Monday, May 31, 2010

Flotilla Intel Dump

Synopsis of Events

After a few days of delay, the Turkish-flagged Mavi Marmara and 5 other ships left Cyprus on Sunday May 30th, 2010 with humanitarian supplies en route to Gaza. Because of the ongoing naval blockade by Israel on the Gaza strip, the Israeli government made clear that the ships would not be allowed into Gaza but were welcome to land at Ashdod and transfer their supplies to Gaza via the land crossings.

At some point last night, the naval buffer zone, normally at 40 miles off the coast, was extended to 62 miles. This extension was widely unrecognized by the international community.

The Israeli Navy made contact with the flotilla around 4 A.M. local time on Monday May 31, 2010 and issued a verbal warning to change course for the Israeli port of Ashdod. The warnings, as expected, went unheeded.

The Navy then boarded 5 of the boats to inspect them for weapons. This occurred in international waters, at least 70 miles off the Israeli coast. It is unclear if at this point the Navy also took control of the ships to steer them away from the Gaza strip.

The Navy boarded the Mavi Marmara at 5 A.M. by having commandos rappell onto the ship from helicopters. The ship had roughly 700 passengers from 40 countries, and was reported to have been carrying 10,000 tons of humanitarian aid.

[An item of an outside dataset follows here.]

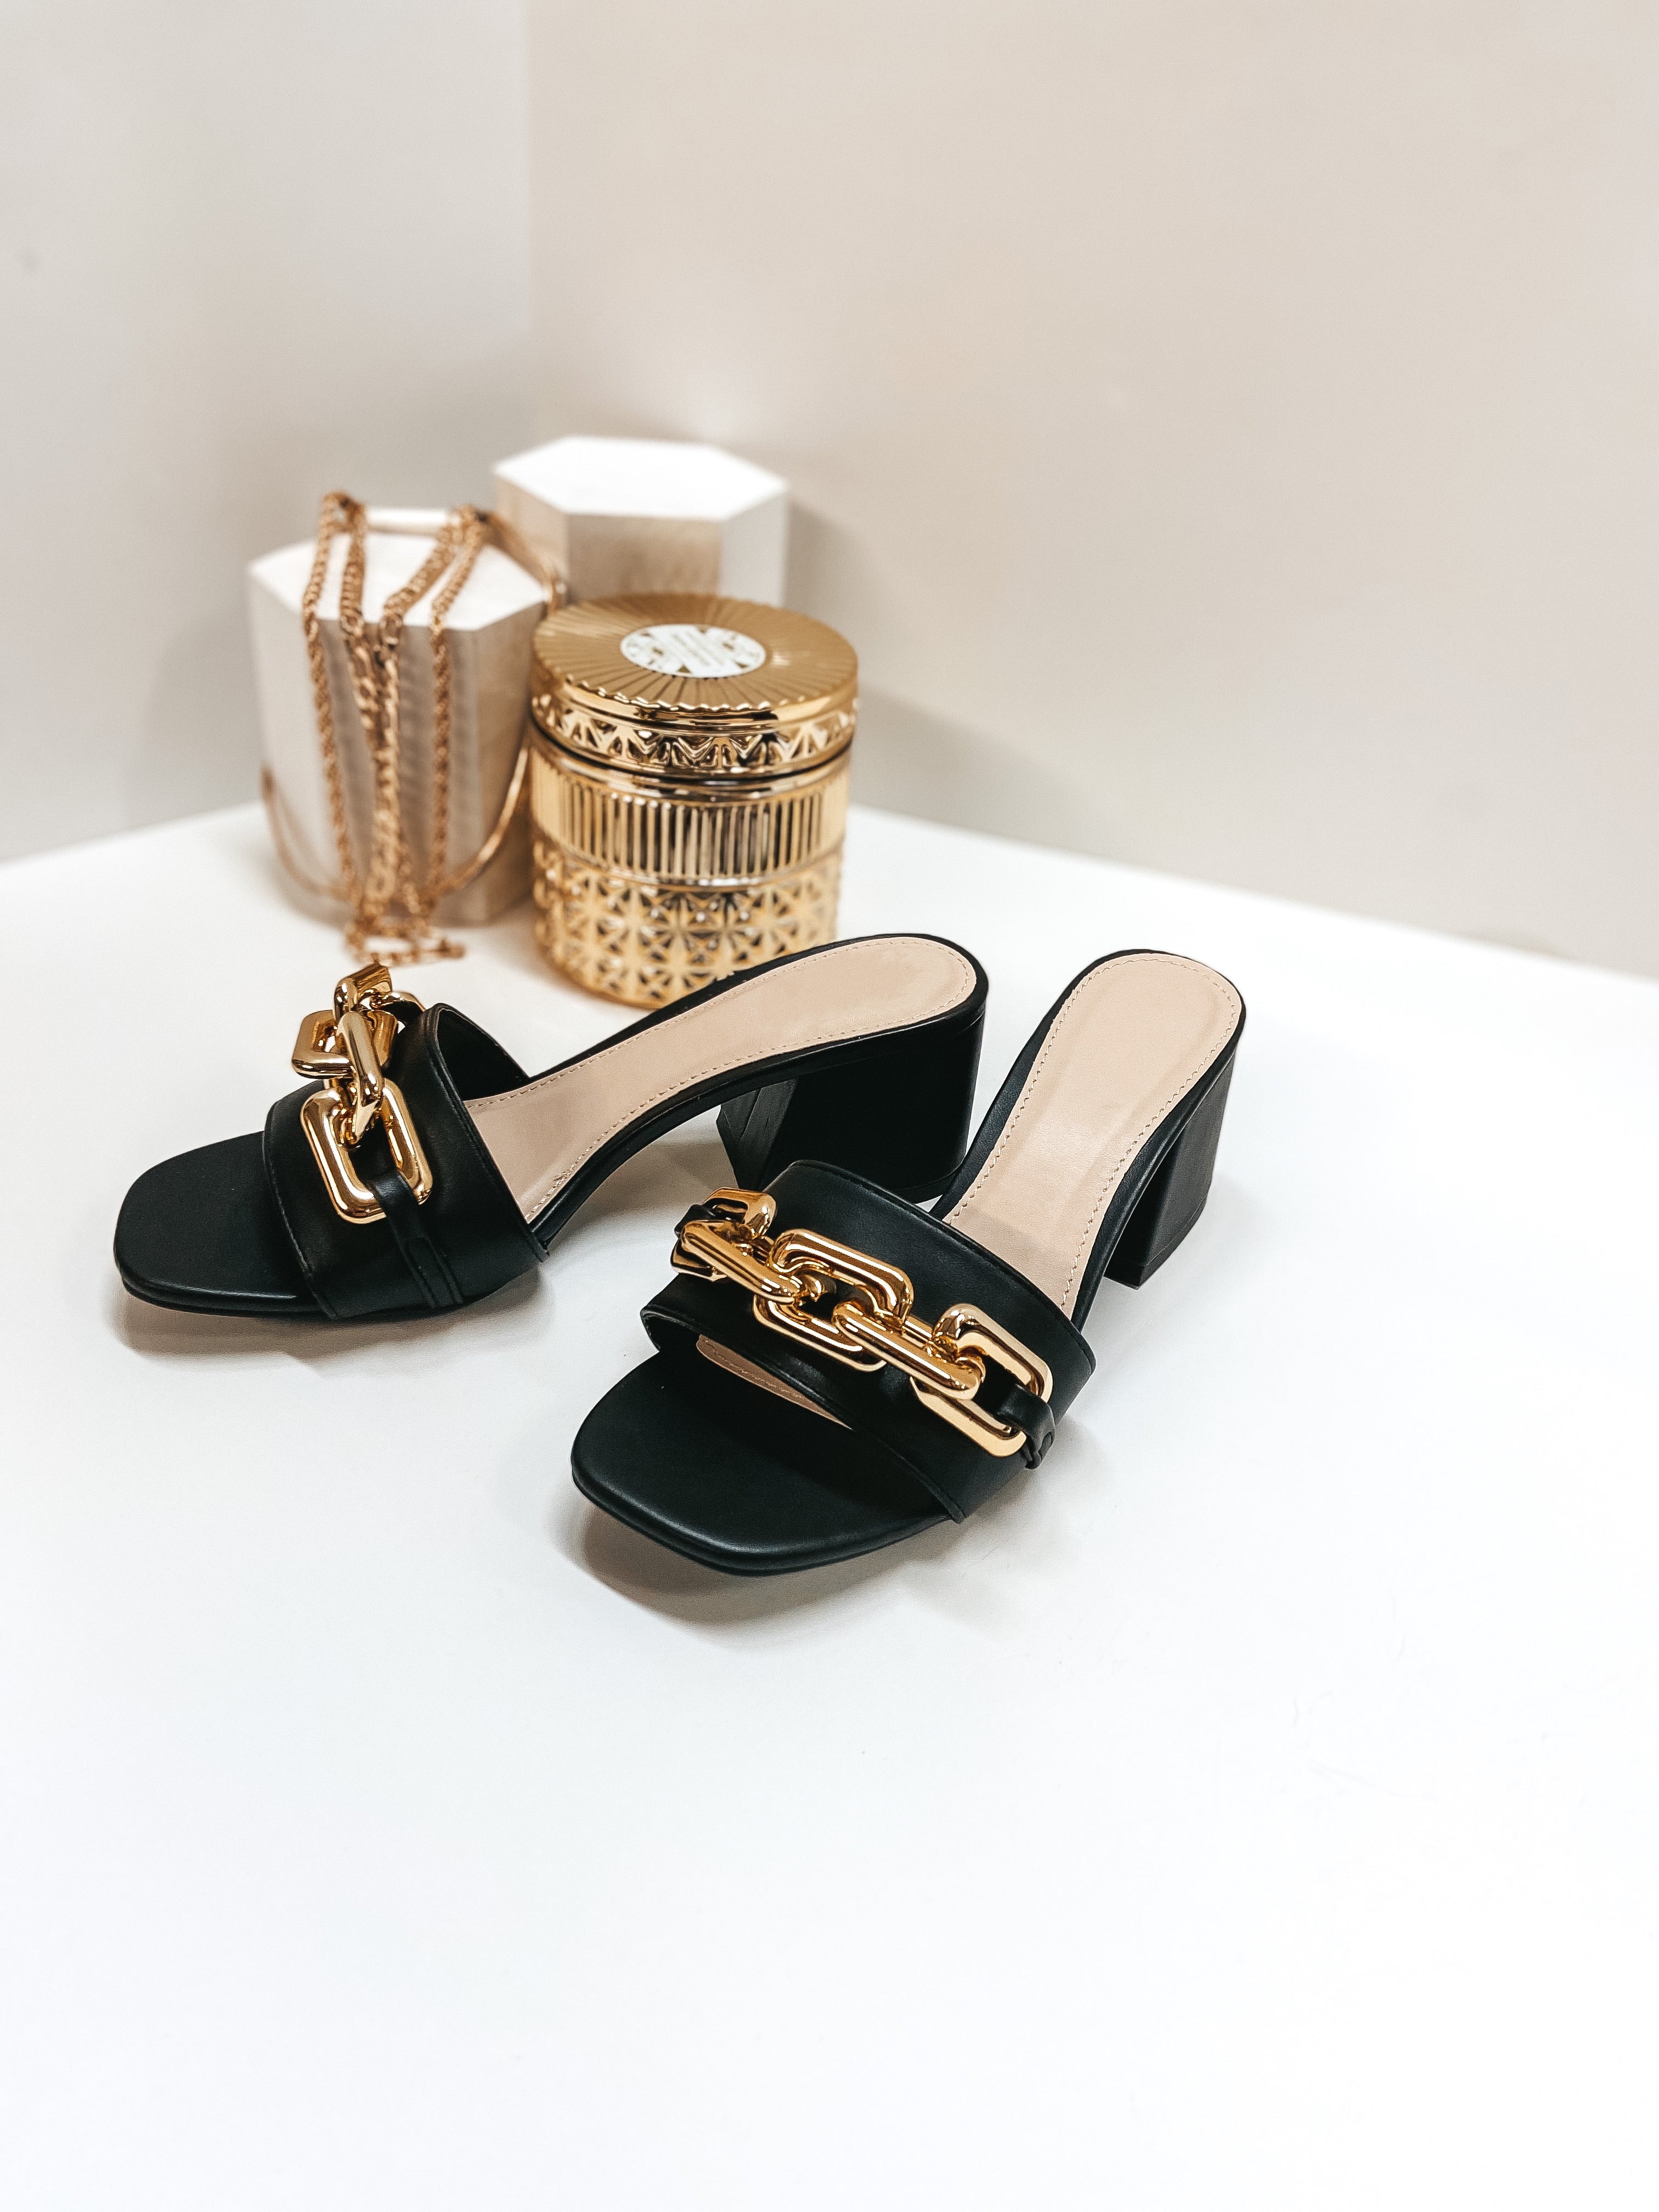 Grand Entrance Gold Chain Mini Block Heels in Black - Giddy Up Glamour Boutique

What happens next is disputed.

The IDF claims they attempted to apprehended two activists holding pistols. As the IDF soldiers were emptying the pistols, the activists are purported to have regained the pistols and opened fire. Jonathan Peled, minister-counselor at the Israeli embassy in Washington said the soldiers came aboard carrying paintball pistols, but were attacked with knives and metal bars. One naval commando was stabbed, prompting the soldiers to open up with live fire. IDF footage also shows captured knives and pepper spray or mace.

The Free Gaza Movement
, a group sponsoring the flotilla, claims that the IDF entered the ship and opened fire on the passengers on the ship, all of whom were civilians.

Video Analysis

Footage shows the use of force by both IDF soldiers and activists. In the aftermath of the violence, at least 10 activists are killed (most of them Turkish), and 7 Israeli commandos wounded. In this video, the soldiers appear to engage with a weapon at 1:03. The IDF press office does not highlight this in the video, so I have done so below using a red circle.

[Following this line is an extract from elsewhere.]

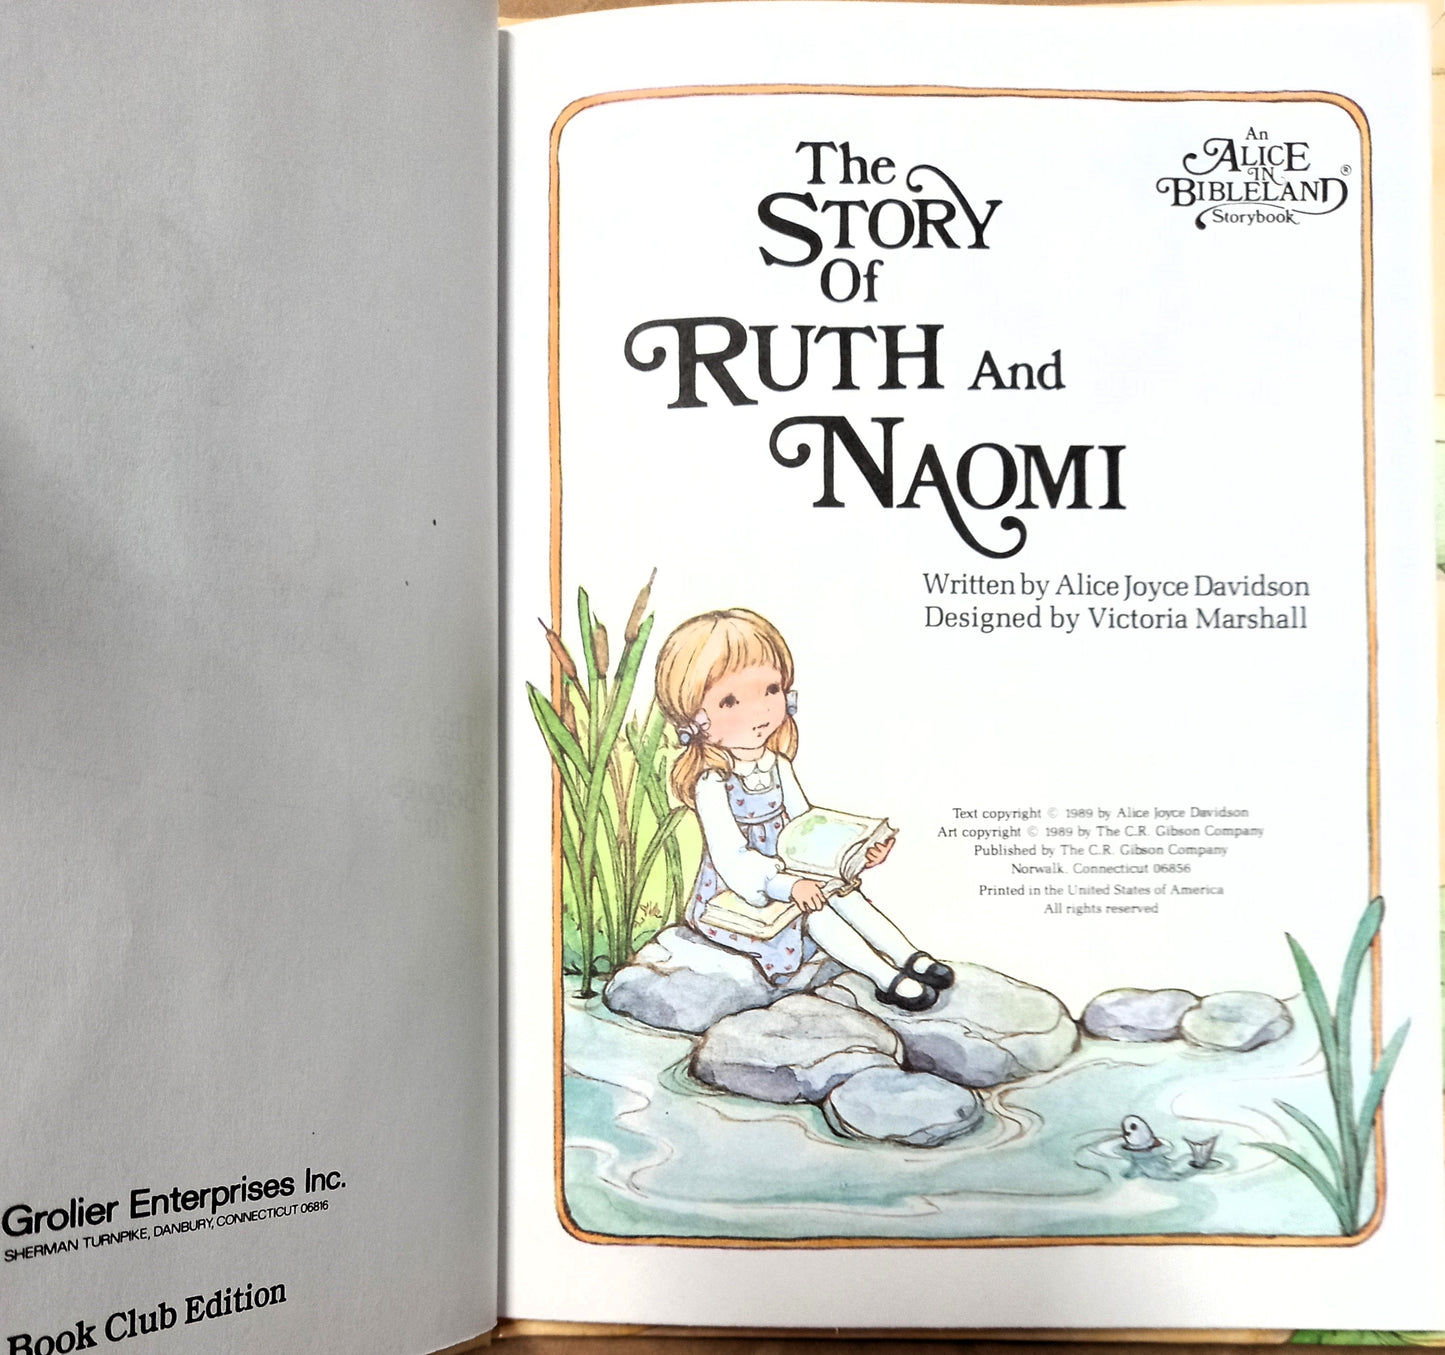 The Story of Ruth and Naomi

The weapon appears to be a paintball gun like the one pictured below:

No currently released footage shows the point at which the IDF used lethal force against the activists. Nor does any footage show the very beginning of the raid. When this video begins, the rappel line has already been lowered.

Israeli reporters on board the vessel have been prohibited from reporting by the IDF military censor, so this footage is unlikely to emerge soon, if ever.

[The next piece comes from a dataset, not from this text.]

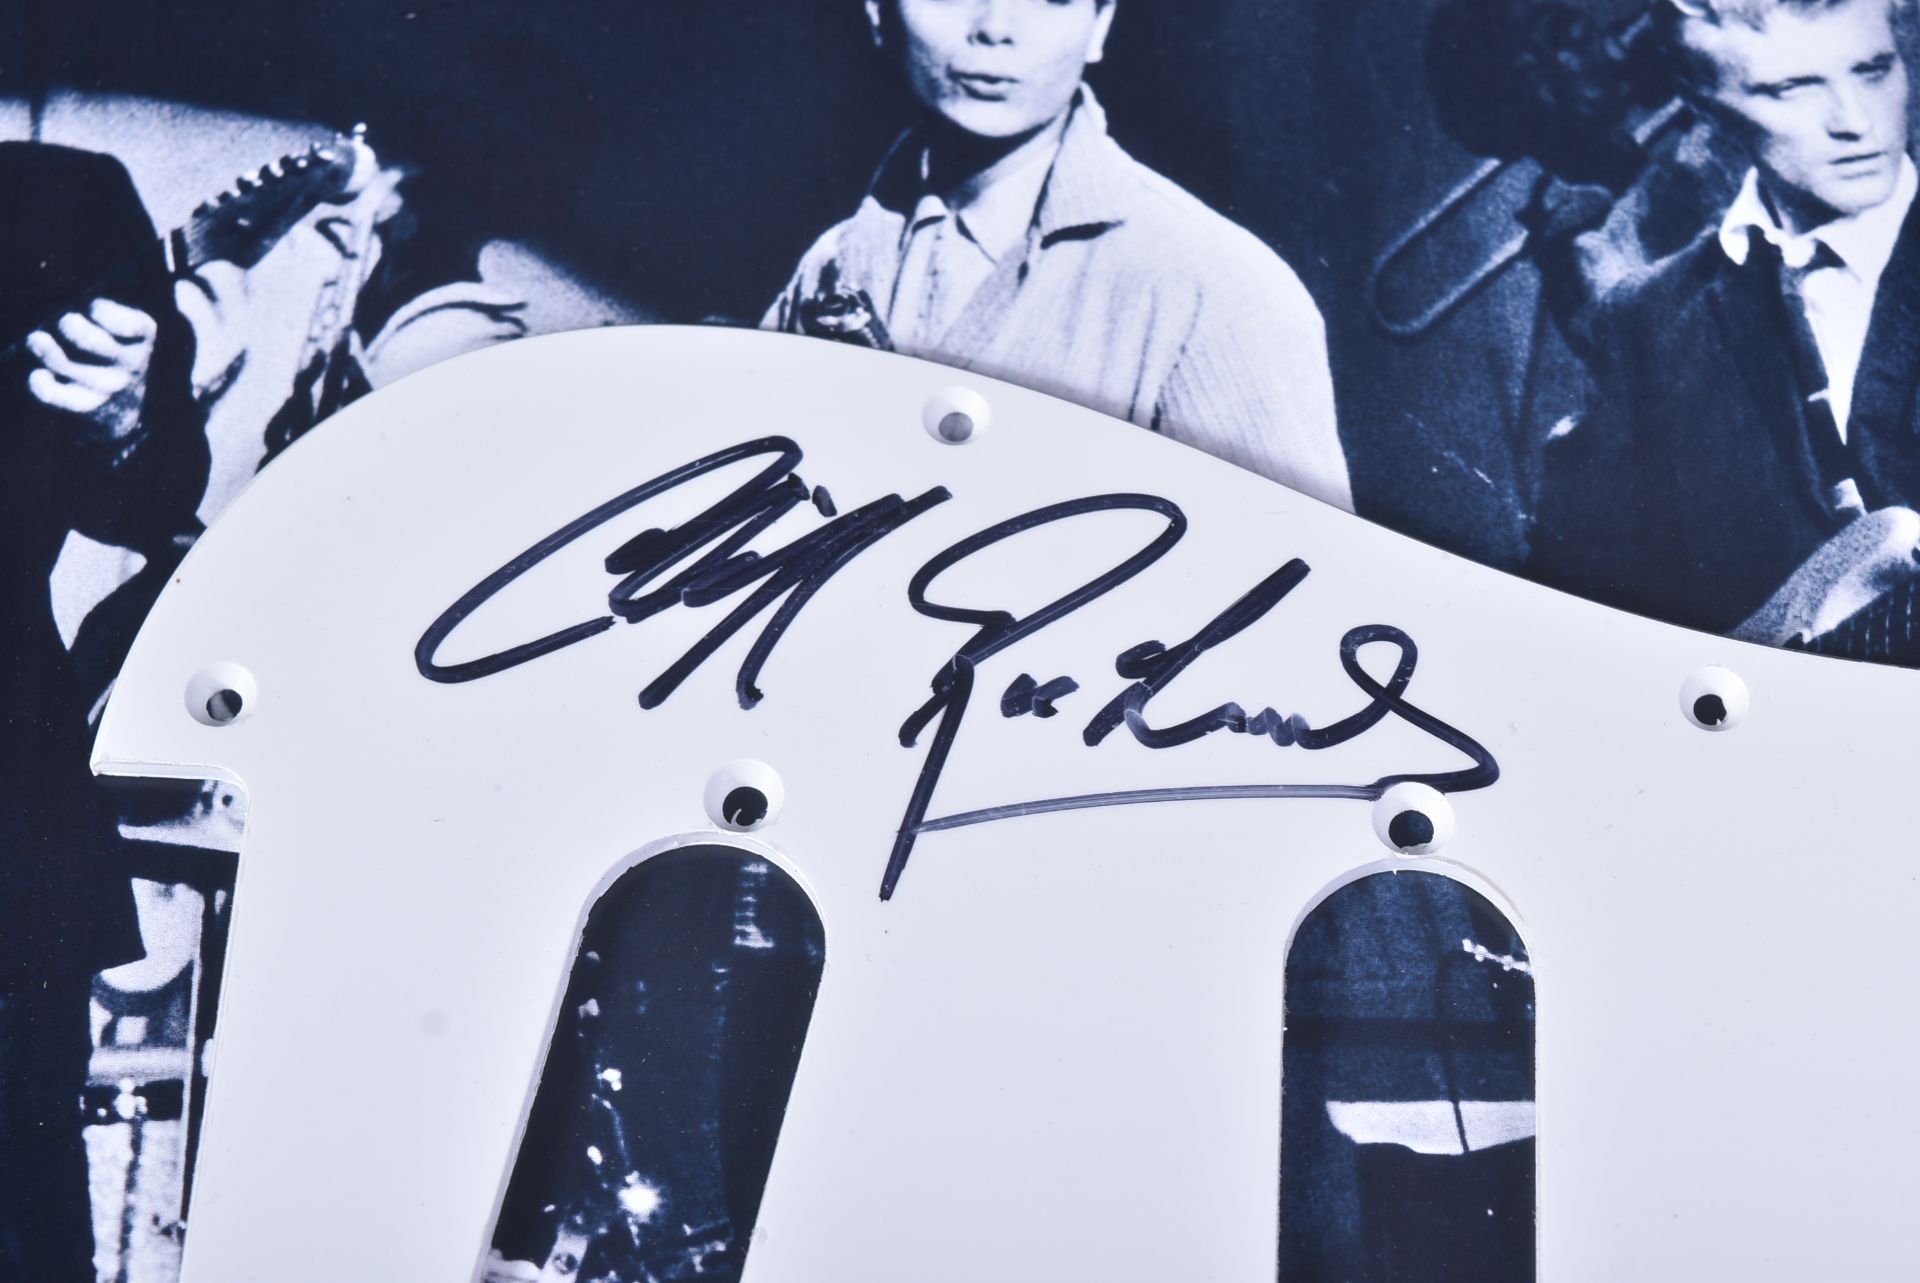 CLIFF RICHARD & THE SHADOWS - AUTOGRAPHED GUITAR PICKGUARD - Image 2 of 4

The ship is currently in port at Ashdod, and its passengers will be either voluntarily deported or arrested. The IDF soldiers are being asked to identify those who responded violently to them, and those passengers will be put on trial in Israel. At least 32 passengers have been taken to a prison in Beer Sheva. 16 have refused to identify themselves. 25 activists have agreed to voluntary deportation.

International Impact

Turkey recalled its envoy to Israel and summoned the Israeli envoy to Turkey. Turkey warns the raid could affect bilateral relations.

British Foreign Secretary William Hague cautioned Israel to exercise restraint. He deplored the loss of life and called for an easing of the Gaza siege.

Greece has withdrawn from a joint military exercise with Israel.

Iran has said the raid will lead to the country's demise.

Egypt summoned the Israeli ambassador.

France, Ireland, Greece, and Sweden
have summoned their Israeli ambassadors.

The Arab League has called the raid a "crime." The Arab league will convene to discuss the issue at Syria's request.

PA President Mahmoud Abbas called it a "massacre."

Pakistani Prime Minister Syed Yusuf Raza Gilani, in a statement, "strongly condemned" what he called an "assault" by the Israeli military on the flotilla.

Protests occured in Istanbul, Ankara, London, Lahore, Tripoli, Paris, Athens, Thessoloniki, Refugee camps in Lebanon, Beirut, Amman, Tehran, Sarajevo, Geneva, Cairo, Tel Aviv, Washington D.C., and New York.

The United States' deputy press secretary Bill Burton said, "The United States deeply regrets the loss of life and injuries sustained and is currently working to understand the circumstances surrounding this tragedy." Israeli PM Benyamin Netanyahu has cancelled his trip to the US this week, and departed Canada this morning to return to Israel.

The UN Security Council is holding an emergency session in which it called for an investigation, and urged Israel to lift the siege on Gaza.

Additionally, Israeli lawyers Avigdor Feldman, Yiftah Cohen, Itamar Mann and Omer Shatz have petitioned the Israeli High Court of Justice, alleging that the Israeli government violated the UN Convention on the Law of the Sea.